▶ What is needed:
Given these entries, repeat exactly the lines starting with the one that has "Uva Passa Escura" and going on through the one that has "Apple Store shopping", both included, but none of the pictures.

BEGIN Exercise input

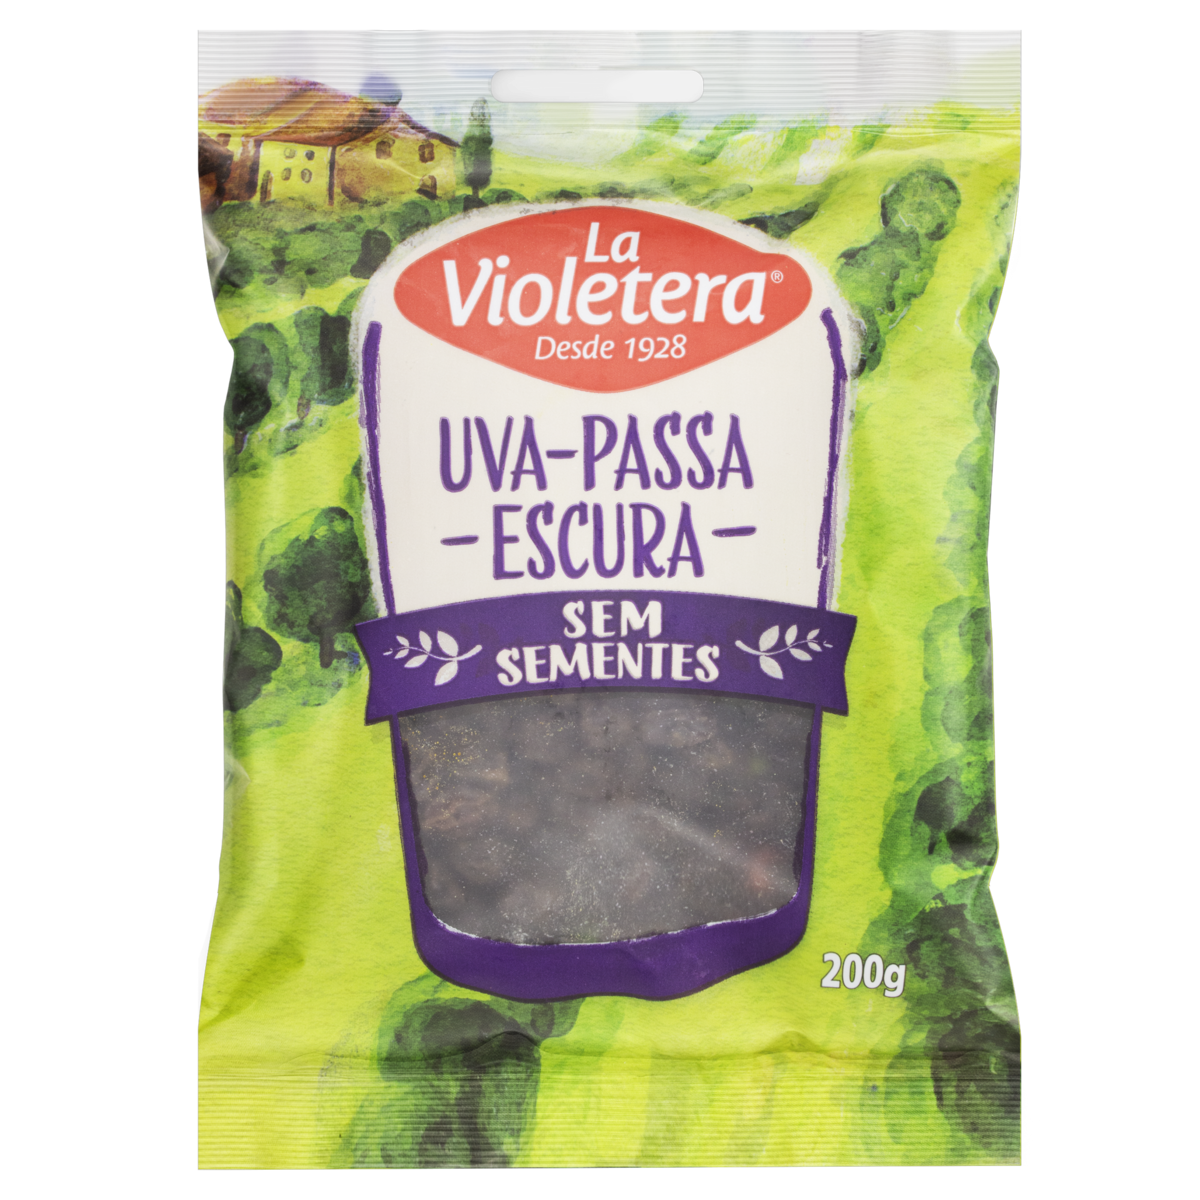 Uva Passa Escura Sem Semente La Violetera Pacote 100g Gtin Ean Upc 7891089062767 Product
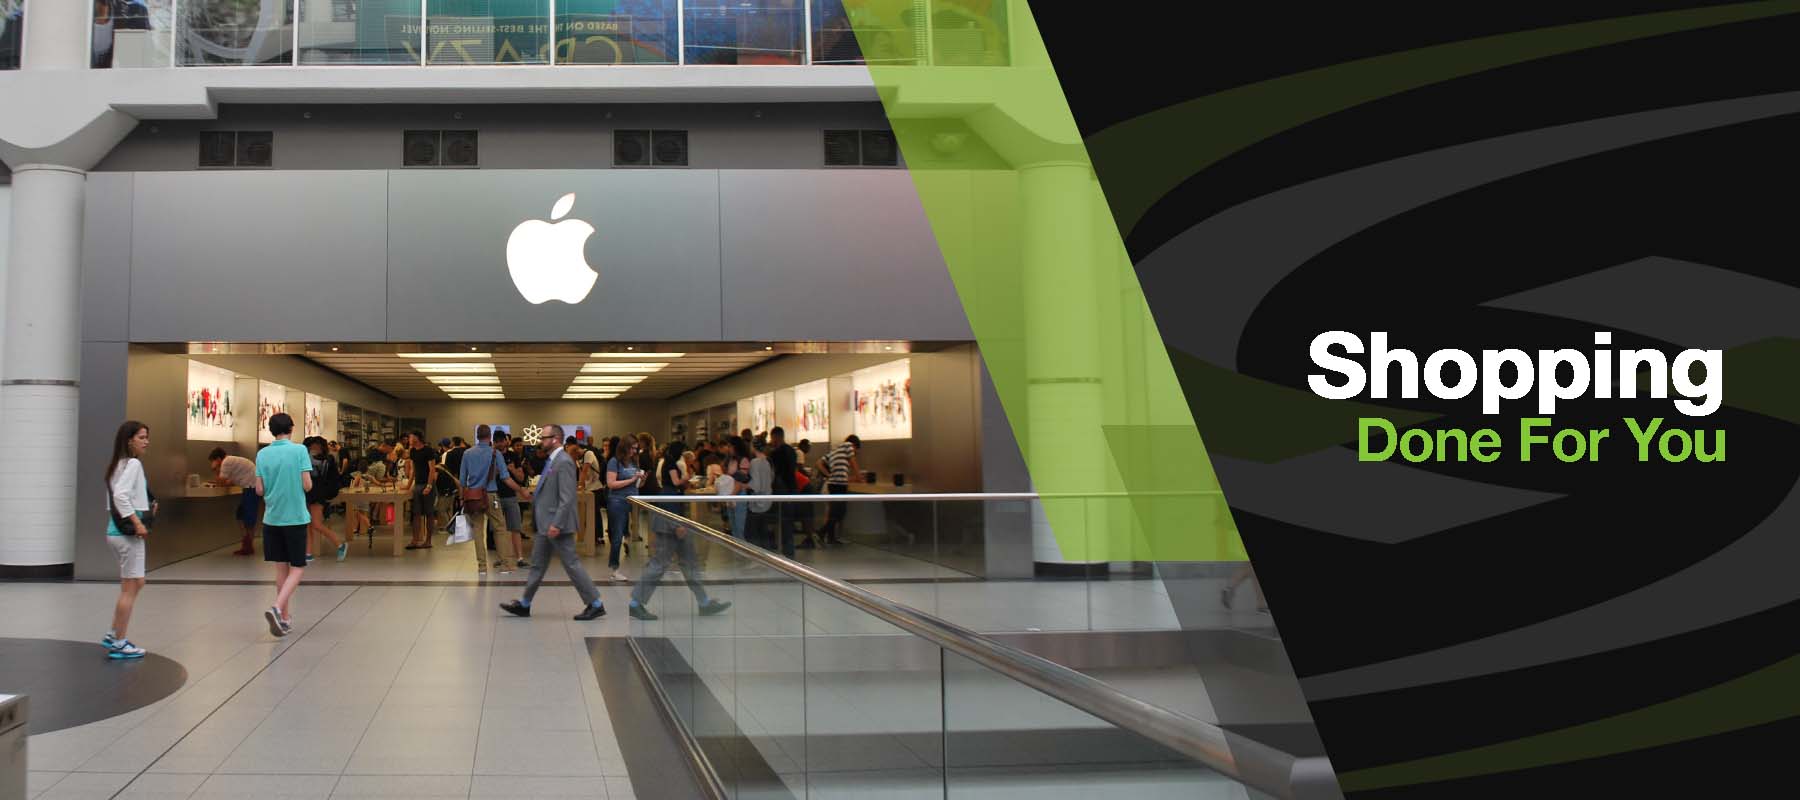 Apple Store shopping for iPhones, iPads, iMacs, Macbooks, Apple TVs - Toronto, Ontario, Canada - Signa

END Exercise input
BEGIN Exercise input

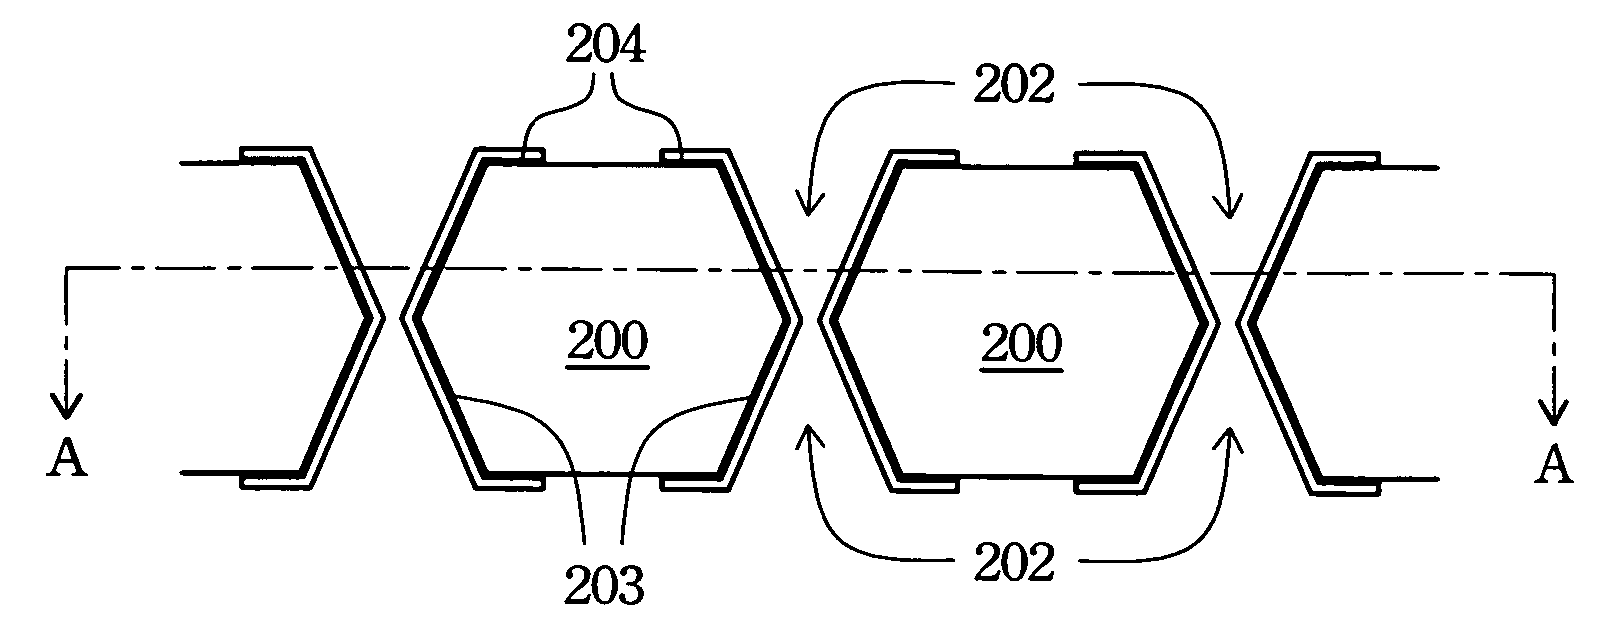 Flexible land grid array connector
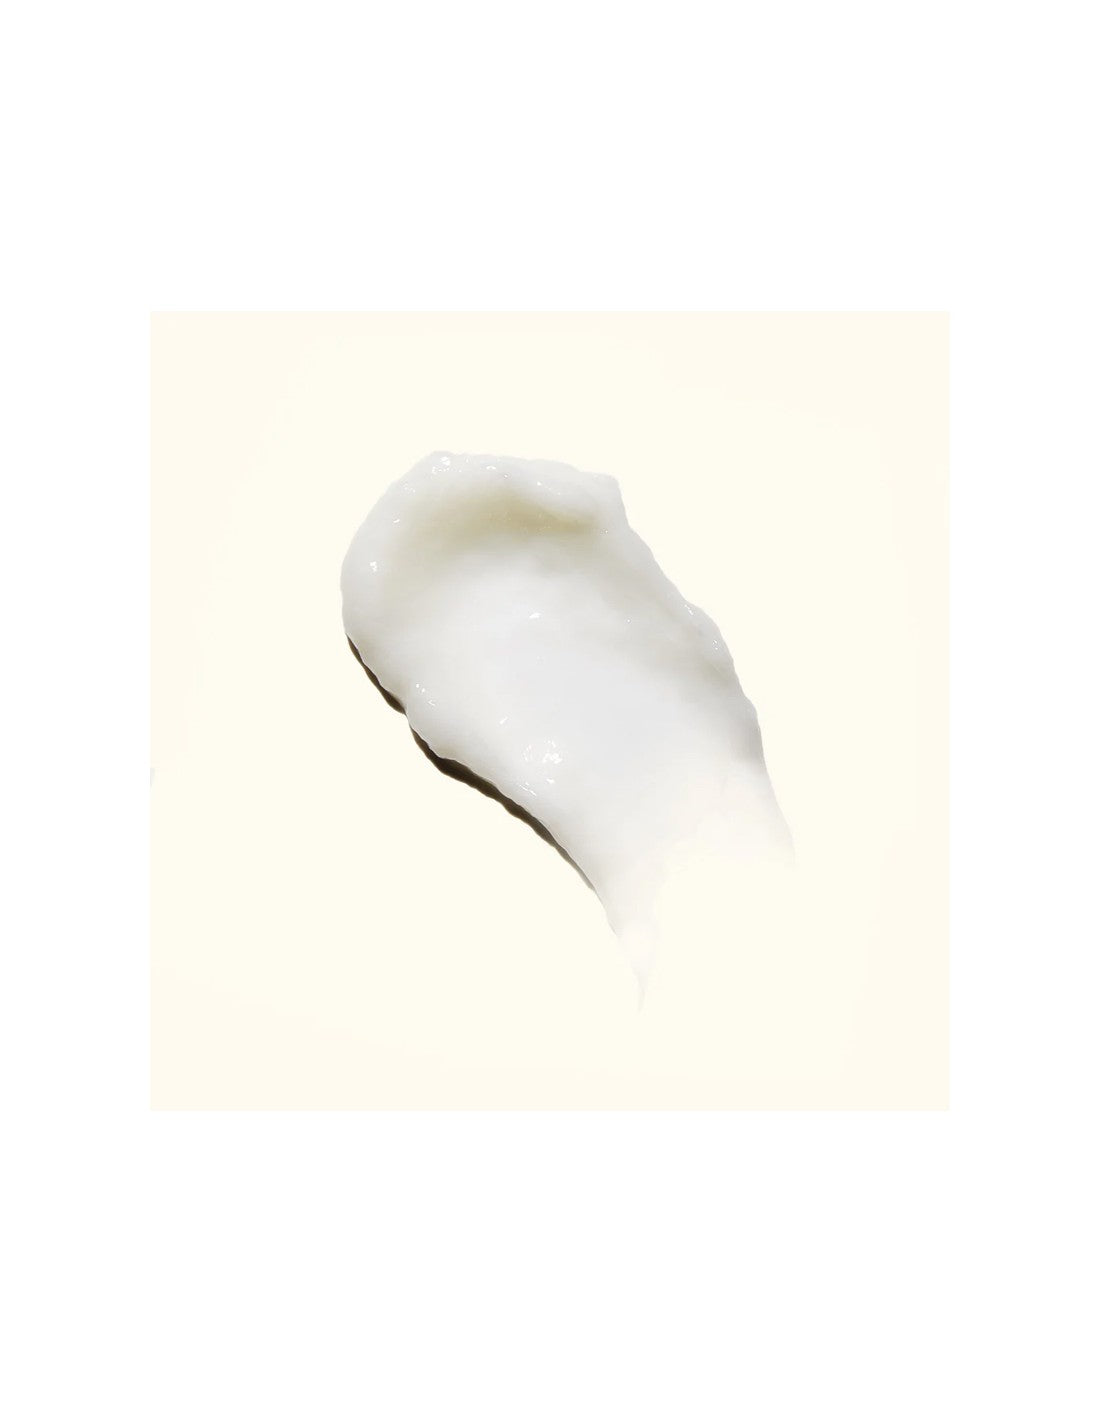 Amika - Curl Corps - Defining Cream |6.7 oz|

END Exercise input

▶ Response below:
 Uva Passa Escura Sem Semente La Violetera Pacote 100g Gtin Ean Upc 7891089062767 Product
 Apple Store shopping for iPhones, iPads, iMacs, Macbooks, Apple TVs - Toronto, Ontario, Canada - Signa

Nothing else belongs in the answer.